You are known for your unique store concepts, what do you look for in a retail space?
We look for a match in terms of the customer base and main street shopping locality. The idea is that these are neighbourhoods where people live and where they are looking to shop near their homes as a part of the community. If you think back to apothecaries 100 years ago, they were the local pharmacist or chemist that were serving us and being a part of those communities is important.

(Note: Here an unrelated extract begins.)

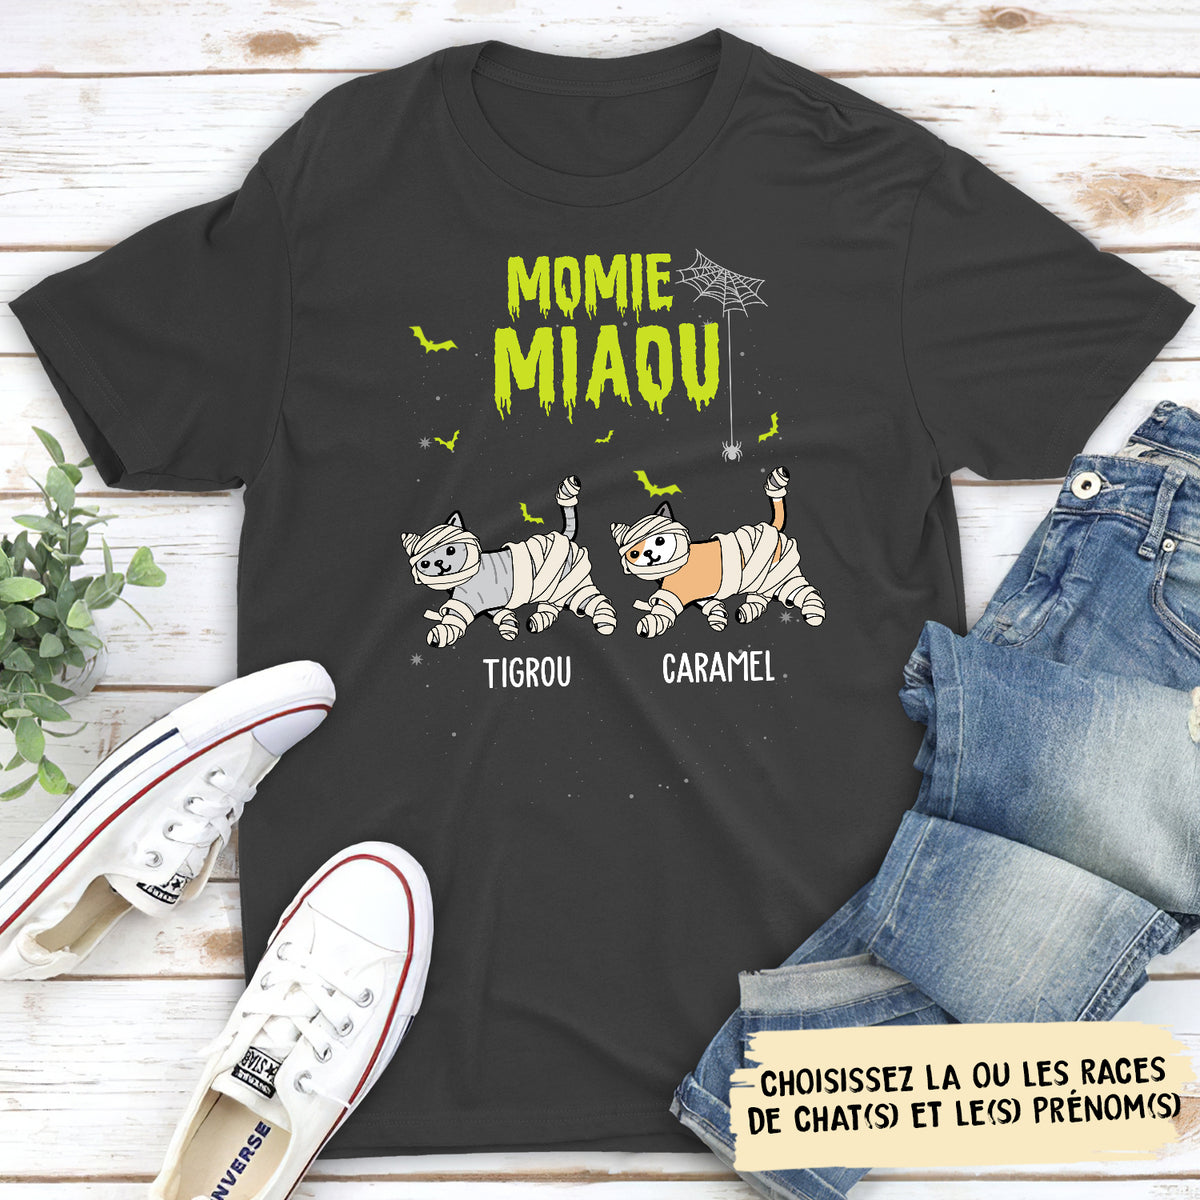 T-shirt Unisex Personnalisé - Momie Miaou
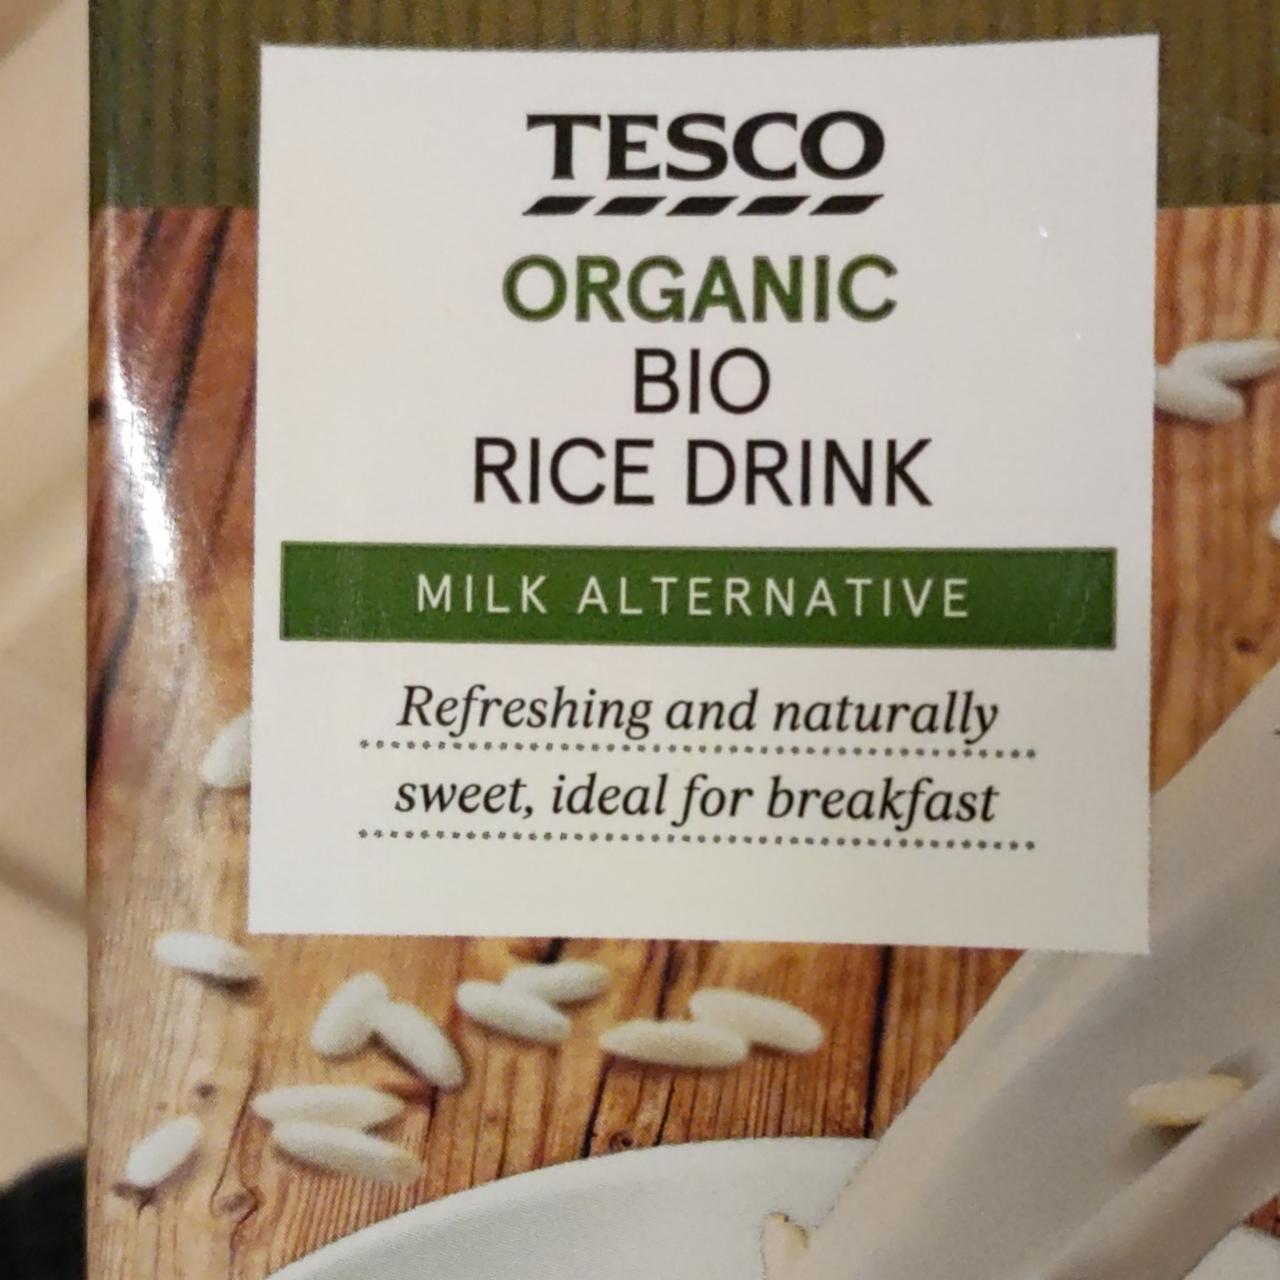 Képek - Organic bio rice drink Tesco

We all want to be a part of these experiences and that’s what we aim to deliver – individualized experiences every time we open in a new neighbourhood. And those neighbourhoods are where our customers live and ultimately where we (myself and Andrew) would like to live ourselves.
The band hails from New York, what do you love about urban life and what excites you the most about launching with The Conran Shop in London and Paris?
London is very similar to New York and one of the greatest things about New York is it is one of the most diverse places on the planet. Maybe the second most diverse city would be London. I think it’s exciting, there’s great energy there, it’s diverse, young, it’s a terrific place. Urban living is about convenience and ease and the focus on your career. These three cities, in particular, are great urban centres for culture. So, just how rich these cities happen to be in terms of culture, and specifically from a diversity perspective is very exciting for us. The fact that we are partnering with a company that has been focused on design from its inception and continues to be a leader in design, feels really well-suited for the brand.
Finally, congratulations, you’re celebrating 10 years of your best-selling eucalyptus deodorant in June, what else does the future hold?
This is a question where we want to have an answer that’s as exciting as possible, but the reality is that for 15 years we’ve been staying really focused and doing the same thing 15 years later – and that is keeping things simple and uncomplicated. We are looking to expand our product assortment where we fill a need and have customer requests, so we’re not overloading people with a product and producing things that aren’t necessary. Just continuing to do what we do – developing products, opening stores where appropriate, and most importantly keeping the range simple, tight and focused!